Belediyeler yerel kamu hizmetleri örgütüdür; yerel kamu hizmetlerinin, bir başka deyişle asli ve sürekli görevlerin memurlar eliyle görülmesi gerektiği açıktır. Bu konu, 1975 tarihli bir Bakanlar Kurulu kararı ile kesinleştirilmiş durumdadır. Anayasa Mahkemesi, bu düzenlemeye yakın tarihli kararlarında atıf yapmakta, böylece düzenlemenin günümüzde yürürlükte olduğunu kabul etmektedir. Bu kararda belediyeler, devlete verilmiş asli ve sürekli kamu hizmetini genel idare esaslarına göre yürütmekle yükümlü kurumları sıralayan 1. Liste’de yer almaktadır. Kararda işçi çalıştırılabilecek görevler de, 1. Liste’nin sonuna eklenen “yukarıda sayılan kurumların atölye, imalathane, fabrika sınai işletme türünden işyerleri hariç” şeklindeki notla belirtilmiştir.

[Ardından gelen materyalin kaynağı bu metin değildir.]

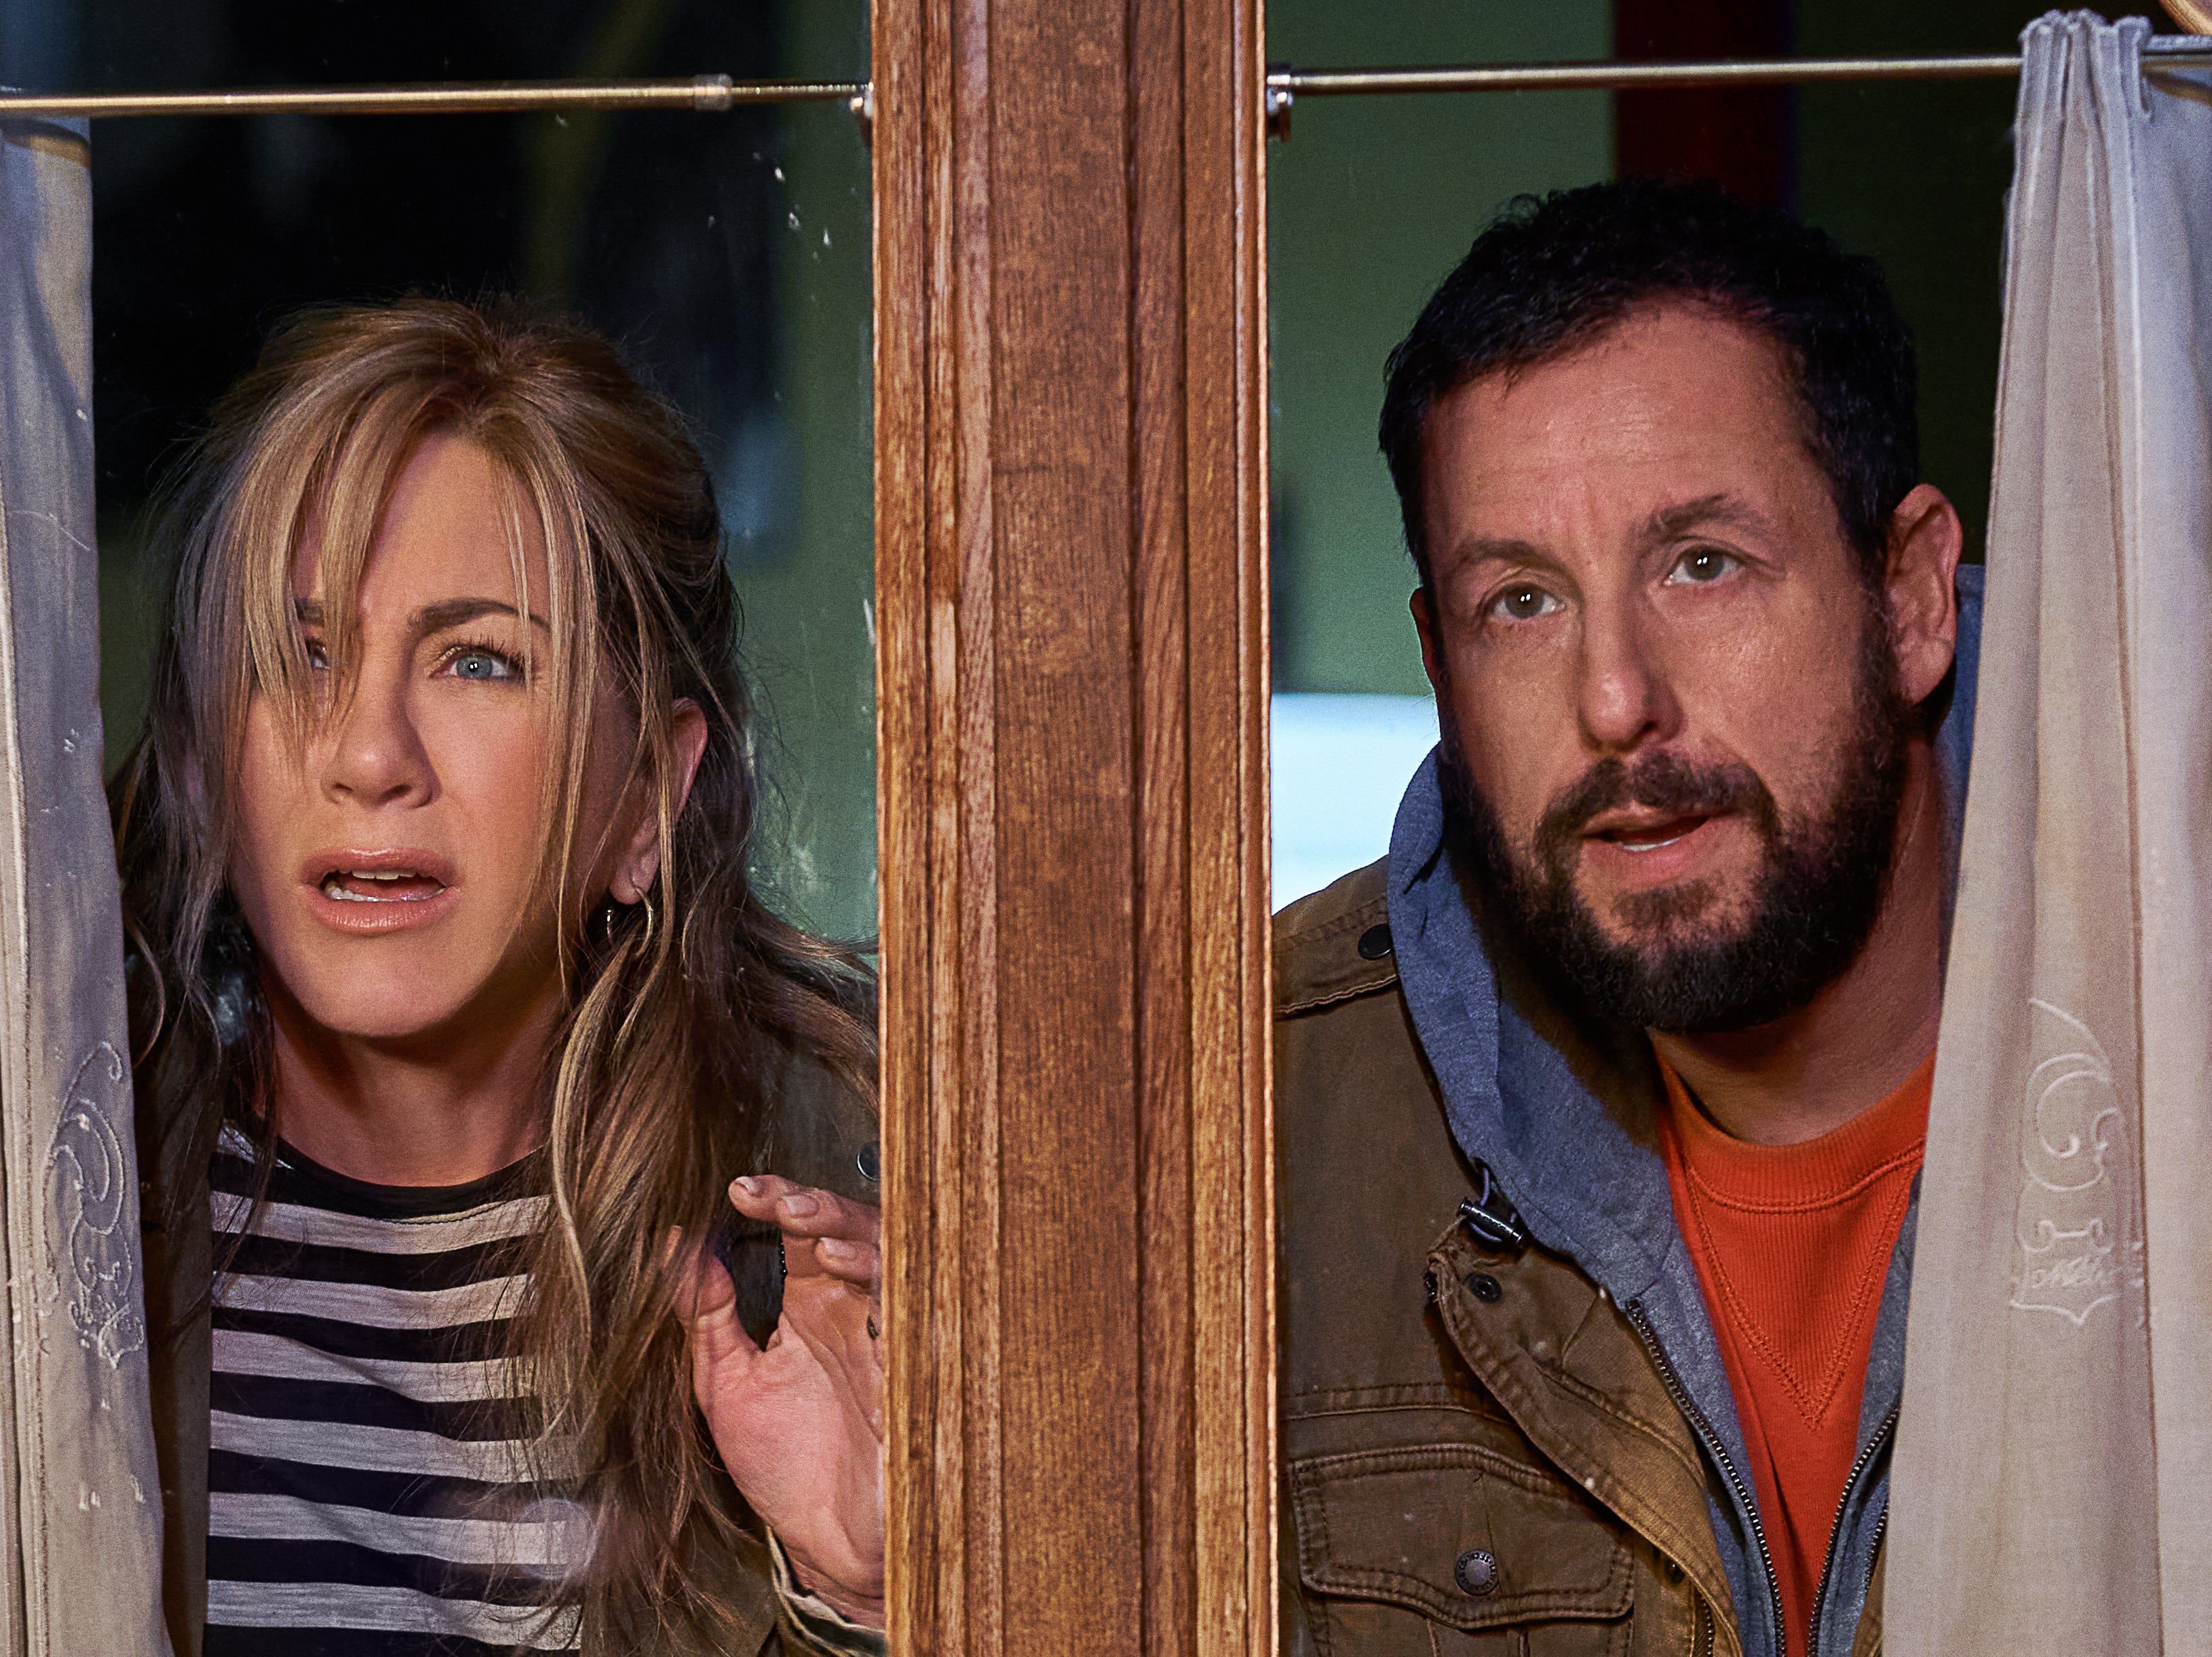 Jennifer Aniston and Adam Sandler in ‘Murder Mystery 2'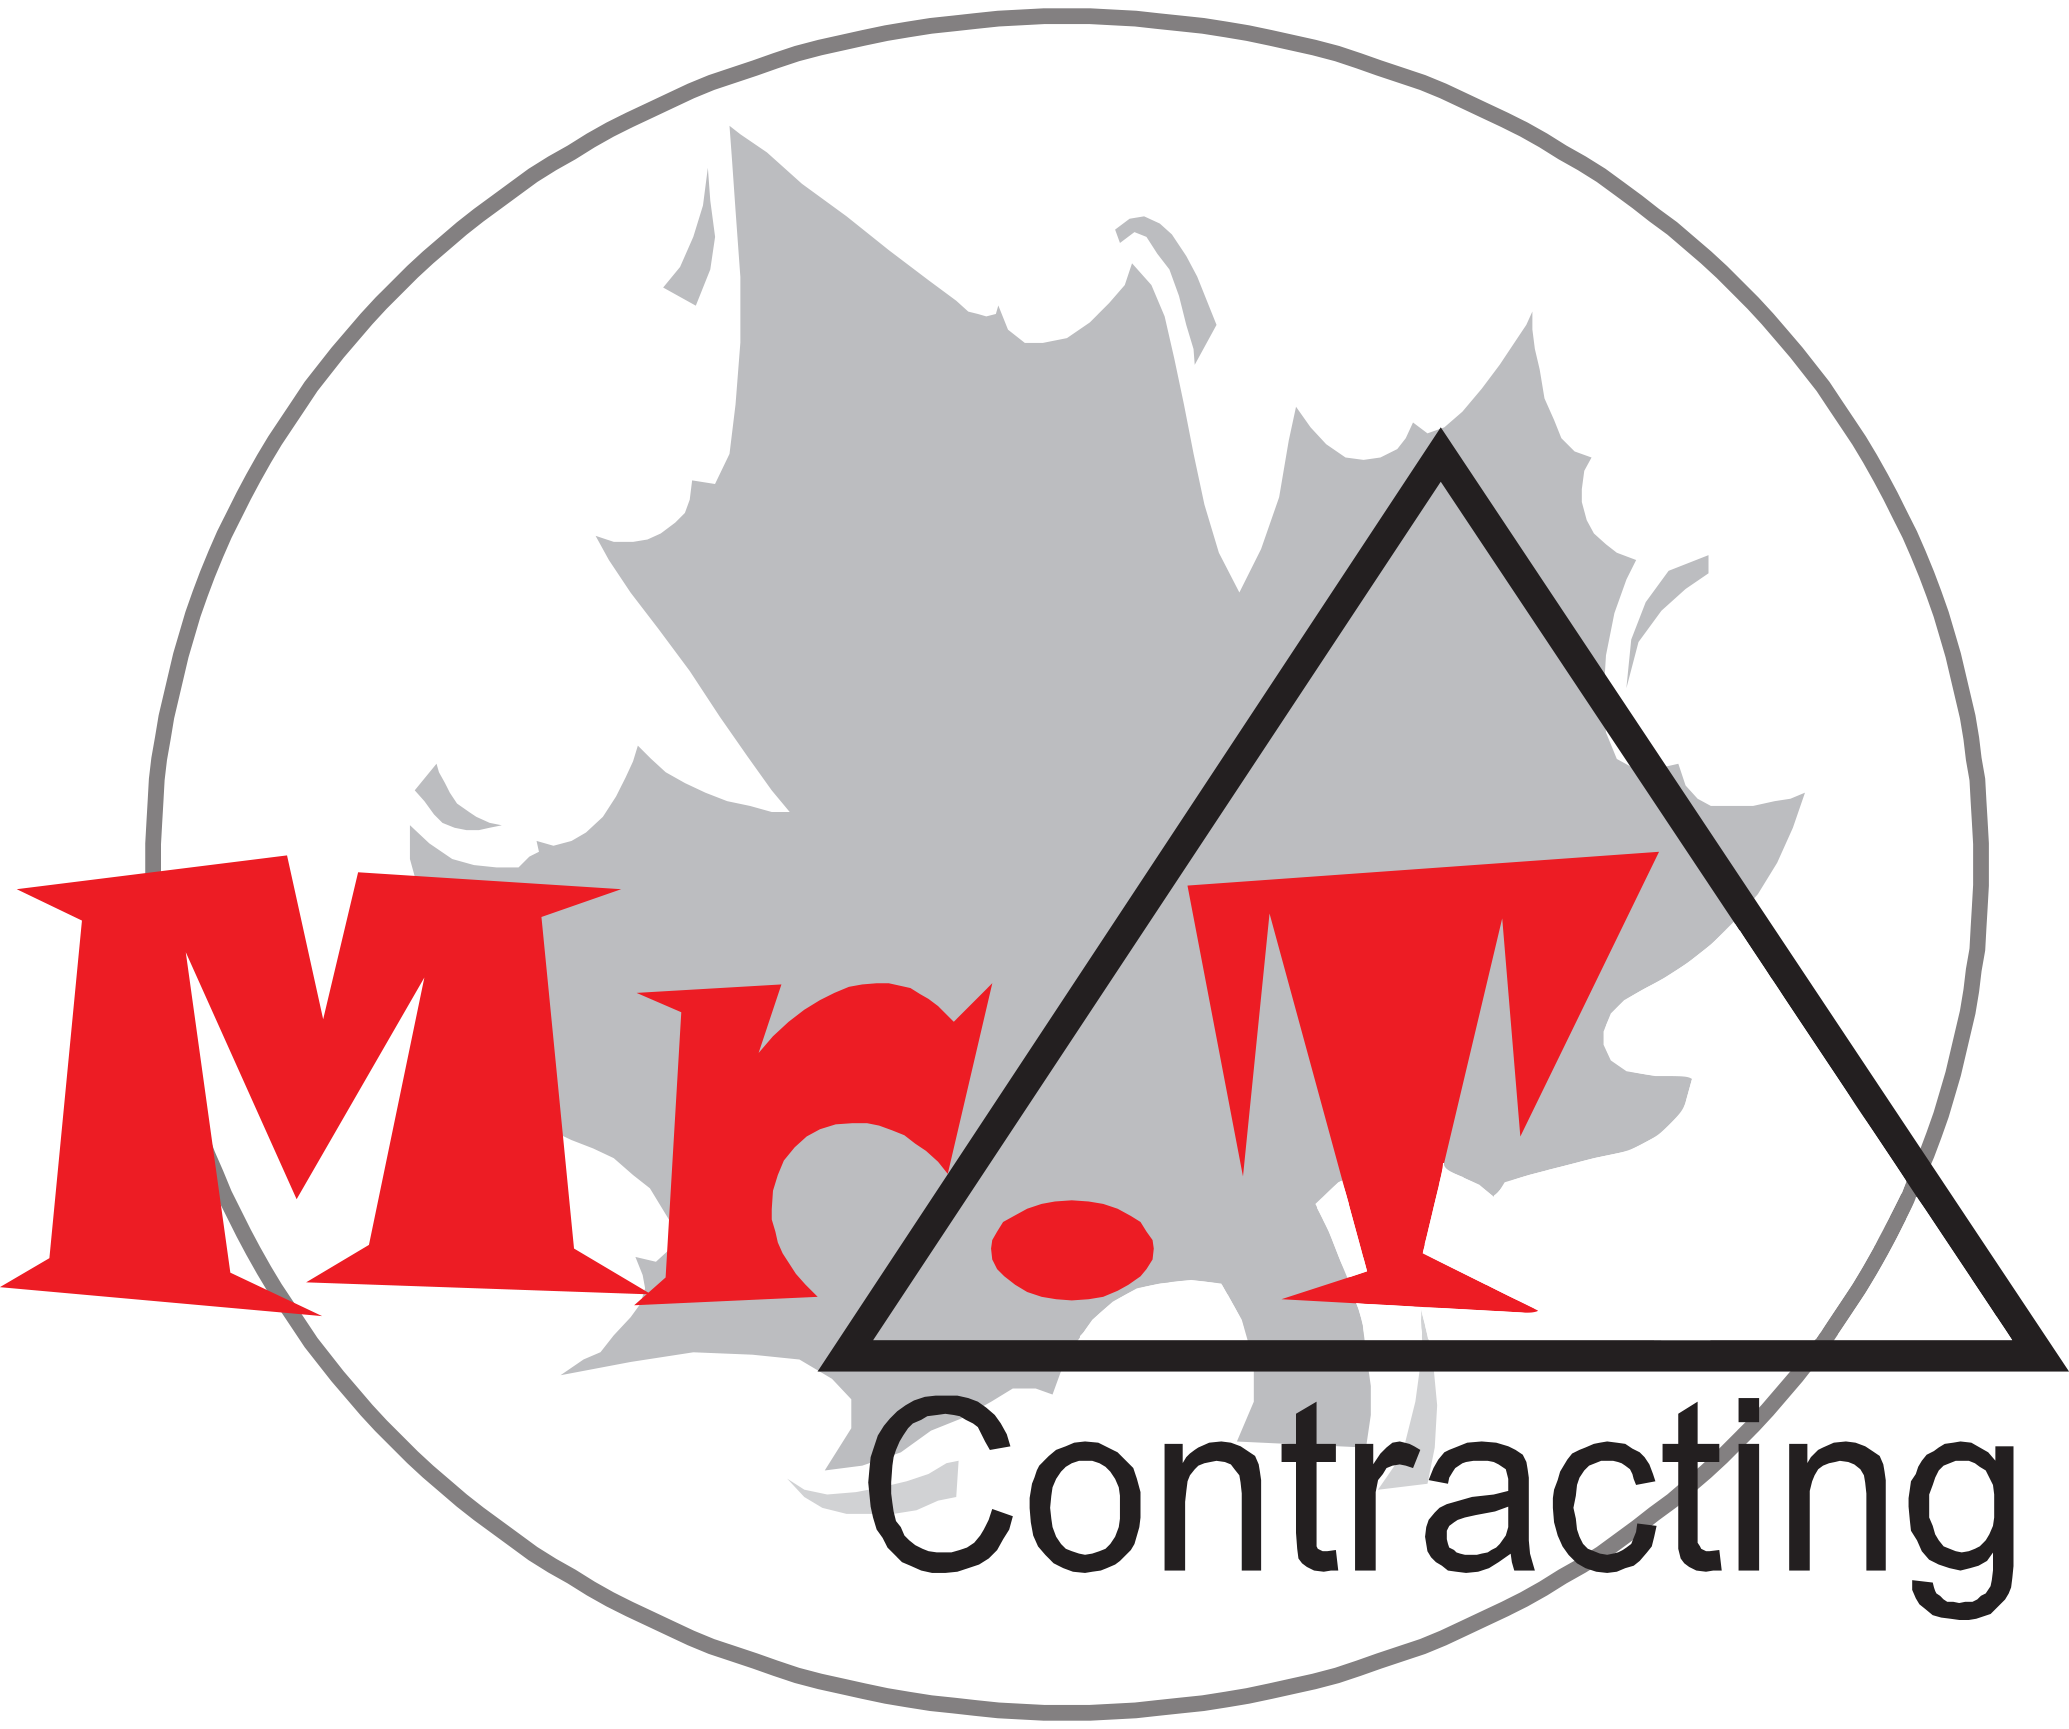 mrt logo2.png

Ayrıca, 190 sayılı Kanun Hükmünde Kararname’deki işçi çalıştırılmasına ilişkin düzenlemeden de hangi işlerin işçiler eliyle yürütülebileceği anlaşılmaktadır. 11. maddenin (a) bendinde “… şantiye, fabrika ve çiftlik gibi işçi istihdamı zorunlu olan hizmet birimleri için ihtiyaç duyacakları sürekli işçi kadroları”ndan söz edilmektedir.

Memur – İşçi Ayırımının Sonuçları

Belediyelerin genel idare esaslarına göre yürütmekle yükümlü oldukları yerel kamu hizmetlerinin gerektirdiği asli ve sürekli görevlerin memurlar (ve diğer kamu görevlileri) eliyle görülmesi kuralı zayıflamıştır. Belediyelerde memurların yapması gereken işlerin hemen hemen tümünde işçilerin de çalıştırıldığını gösteren örnekler vardır.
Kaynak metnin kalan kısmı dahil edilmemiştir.